» WHAT YOU WILL DO
Reproduce, from the lines below, exactly the stretch that begins at the line containing "Any text here" and ends at the line containing "A7-CEG, 2010 Bombardier", both included.

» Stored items
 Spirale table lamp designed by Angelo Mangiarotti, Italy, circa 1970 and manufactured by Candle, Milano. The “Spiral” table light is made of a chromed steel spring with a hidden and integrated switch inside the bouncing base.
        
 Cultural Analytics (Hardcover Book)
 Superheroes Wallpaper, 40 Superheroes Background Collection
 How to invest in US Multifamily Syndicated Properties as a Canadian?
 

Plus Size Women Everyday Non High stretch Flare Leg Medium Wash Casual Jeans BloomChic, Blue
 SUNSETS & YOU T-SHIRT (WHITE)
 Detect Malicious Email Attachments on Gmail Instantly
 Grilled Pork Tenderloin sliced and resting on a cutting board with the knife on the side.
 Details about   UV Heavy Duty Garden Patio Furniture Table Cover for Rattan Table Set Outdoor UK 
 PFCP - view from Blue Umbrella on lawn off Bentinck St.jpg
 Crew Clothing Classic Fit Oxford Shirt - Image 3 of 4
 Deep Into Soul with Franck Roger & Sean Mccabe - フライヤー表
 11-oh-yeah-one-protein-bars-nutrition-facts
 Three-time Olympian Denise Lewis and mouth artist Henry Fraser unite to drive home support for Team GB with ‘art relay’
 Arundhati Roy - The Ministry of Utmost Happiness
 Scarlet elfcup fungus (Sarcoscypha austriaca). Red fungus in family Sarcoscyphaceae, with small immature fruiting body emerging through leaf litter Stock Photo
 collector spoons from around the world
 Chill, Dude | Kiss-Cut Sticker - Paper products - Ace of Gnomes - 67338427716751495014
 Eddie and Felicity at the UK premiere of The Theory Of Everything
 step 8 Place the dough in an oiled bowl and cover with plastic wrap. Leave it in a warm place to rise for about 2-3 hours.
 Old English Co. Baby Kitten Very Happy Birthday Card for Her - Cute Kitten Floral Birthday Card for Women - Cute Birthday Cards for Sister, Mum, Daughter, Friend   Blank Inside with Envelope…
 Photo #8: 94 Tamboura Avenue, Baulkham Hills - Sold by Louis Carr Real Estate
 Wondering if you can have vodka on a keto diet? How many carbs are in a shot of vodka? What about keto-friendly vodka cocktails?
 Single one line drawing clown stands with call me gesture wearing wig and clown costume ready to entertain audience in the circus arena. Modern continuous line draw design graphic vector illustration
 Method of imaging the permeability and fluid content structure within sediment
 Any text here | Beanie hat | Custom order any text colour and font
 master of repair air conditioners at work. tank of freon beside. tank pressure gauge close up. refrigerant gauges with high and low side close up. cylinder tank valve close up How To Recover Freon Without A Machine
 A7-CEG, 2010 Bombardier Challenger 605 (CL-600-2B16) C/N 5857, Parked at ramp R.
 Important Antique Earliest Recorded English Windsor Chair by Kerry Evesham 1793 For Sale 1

» RESPONSE TO THIS EXERCISE
 Any text here | Beanie hat | Custom order any text colour and font
 master of repair air conditioners at work. tank of freon beside. tank pressure gauge close up. refrigerant gauges with high and low side close up. cylinder tank valve close up How To Recover Freon Without A Machine
 A7-CEG, 2010 Bombardier Challenger 605 (CL-600-2B16) C/N 5857, Parked at ramp R.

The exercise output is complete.